WORK TASK:
Write out the entire listing below exactly as it appears, minus any pictures.

DATA SECTION:
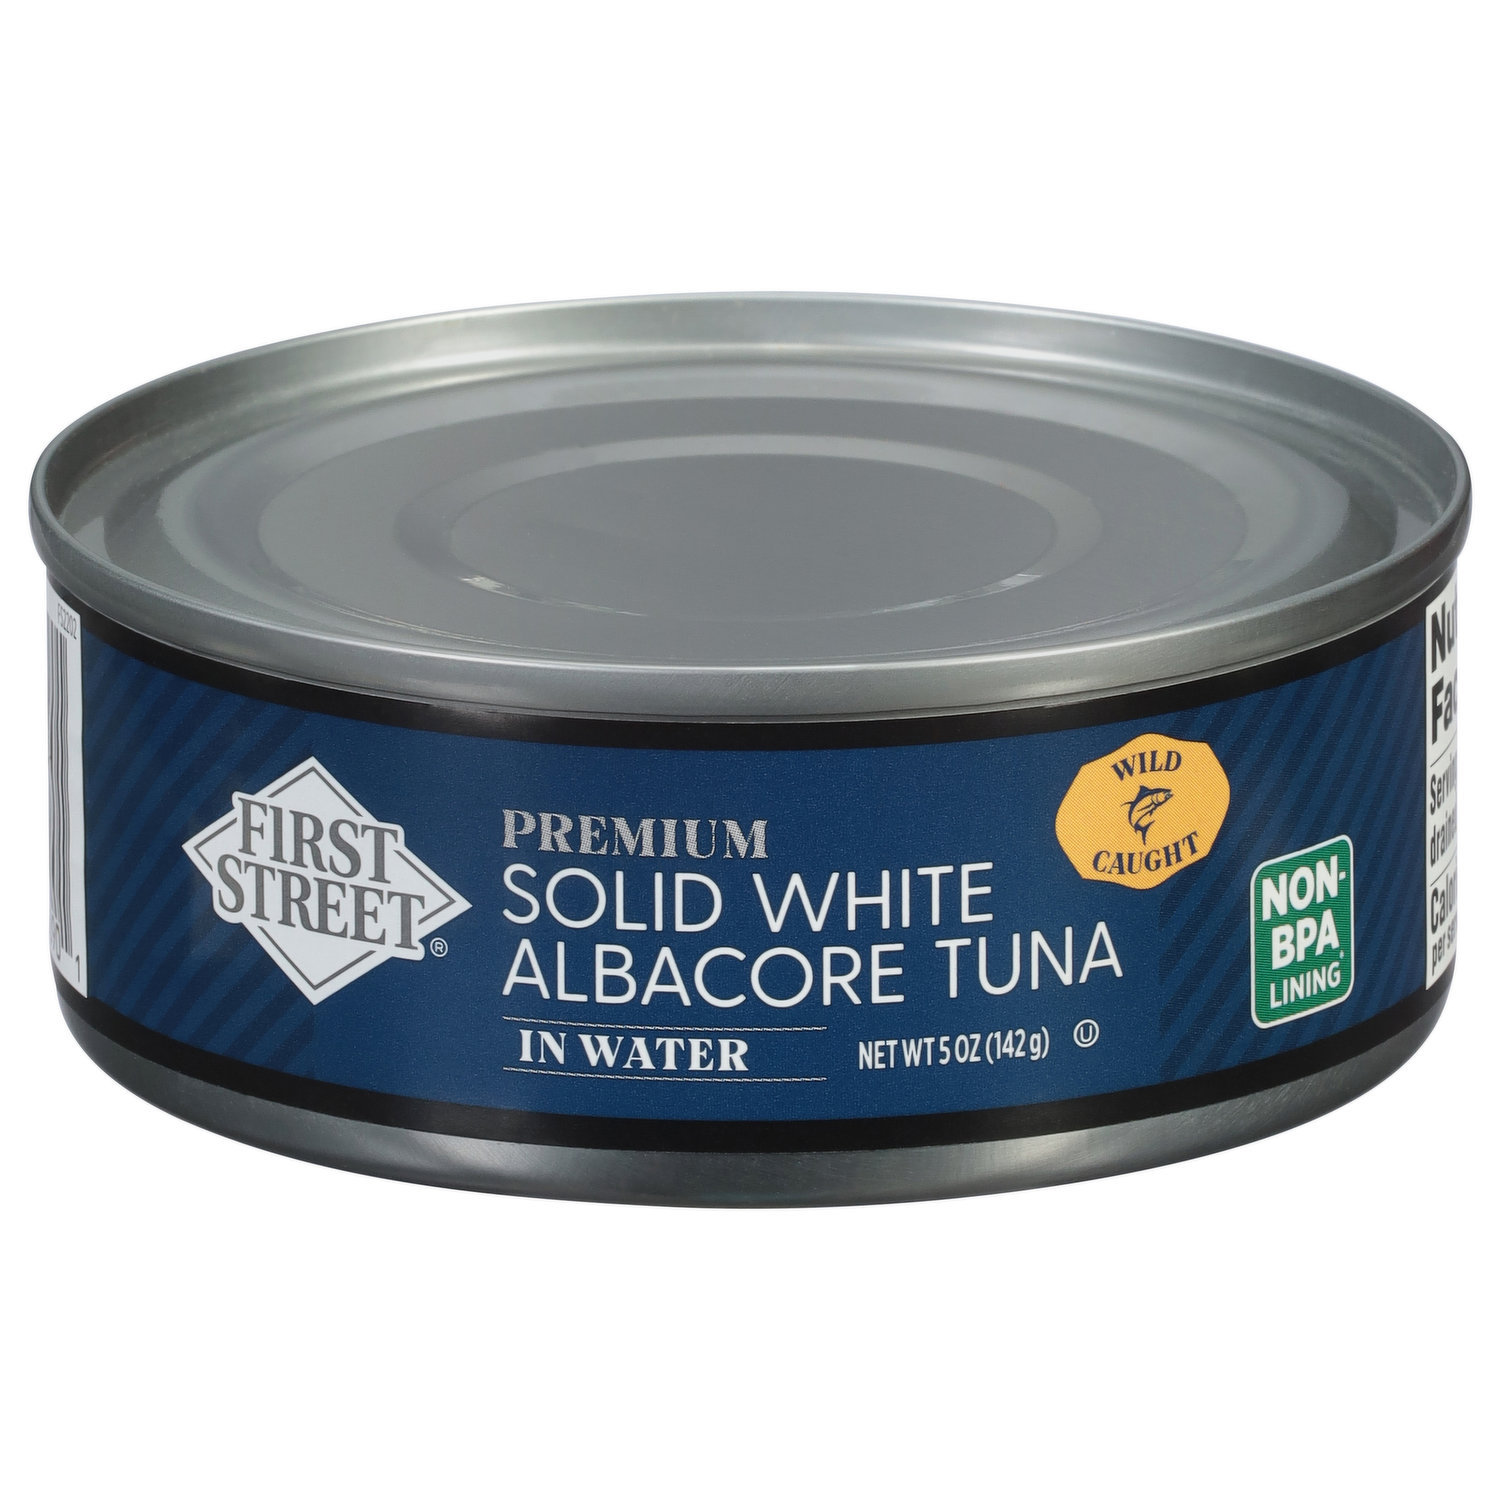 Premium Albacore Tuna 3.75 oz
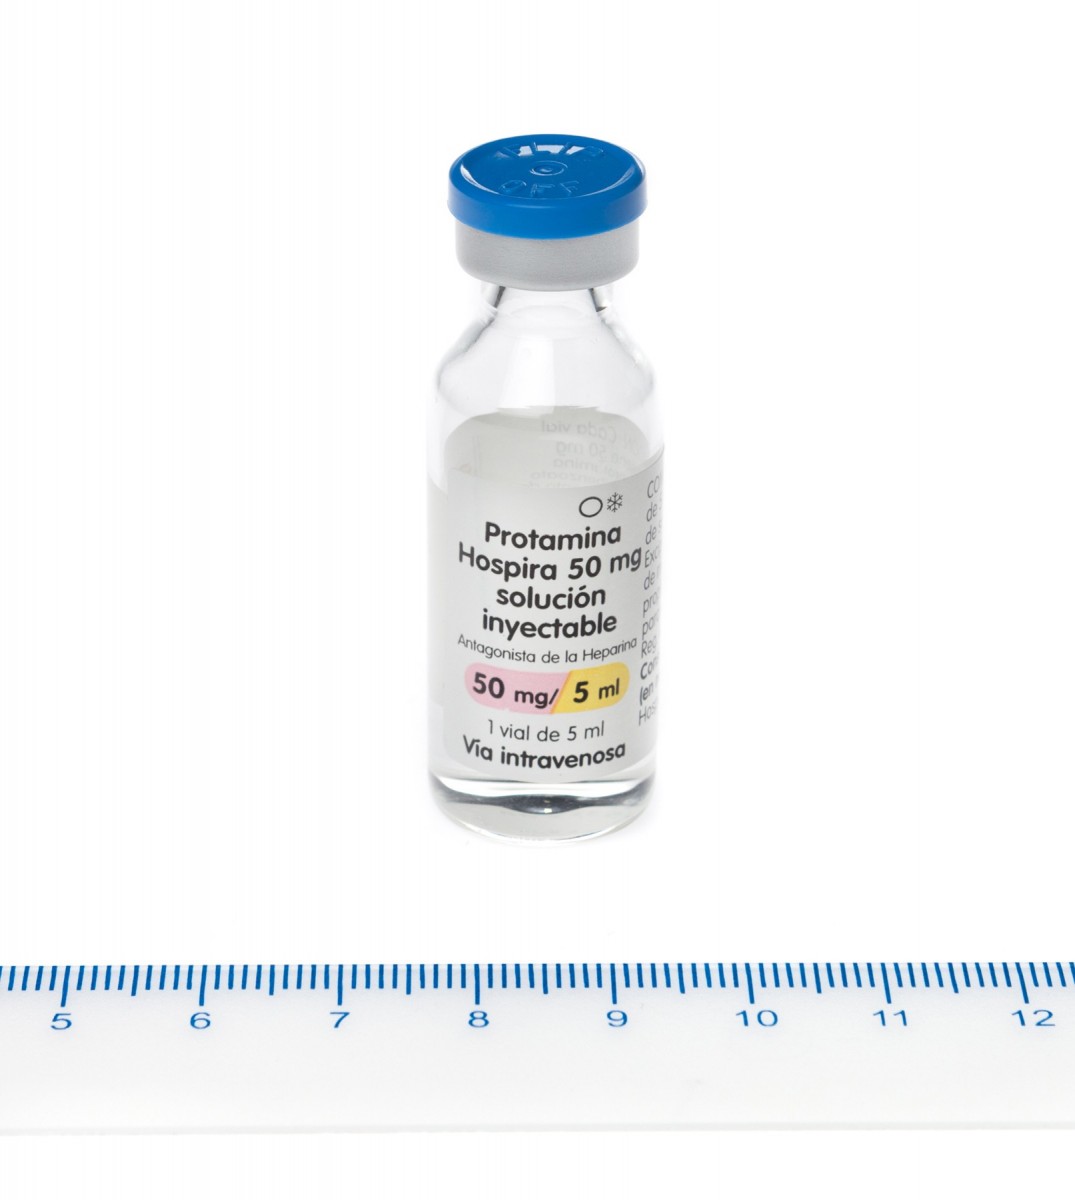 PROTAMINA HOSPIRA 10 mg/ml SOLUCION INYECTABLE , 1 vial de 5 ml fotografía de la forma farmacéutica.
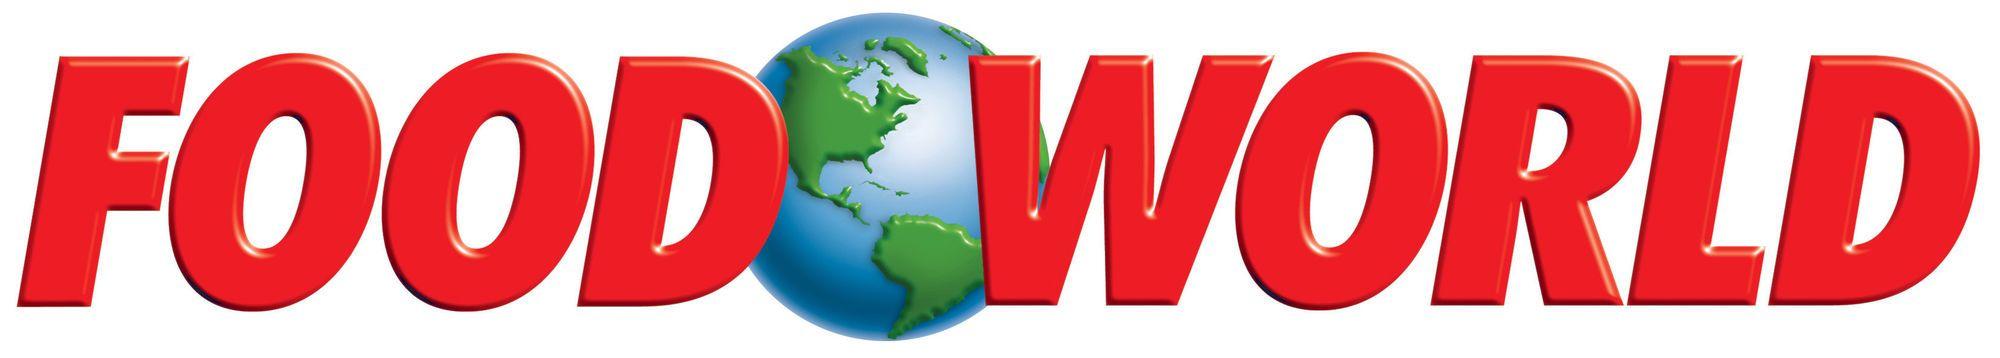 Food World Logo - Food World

REPLY TO THE TASK:
 Premium Albacore Tuna 3.75 oz
 PROTAMINA HOSPIRA 10 mg/ml SOLUCION INYECTABLE , 1 vial de 5 ml fotografía de la forma farmacéutica.
 Food World Logo - Food World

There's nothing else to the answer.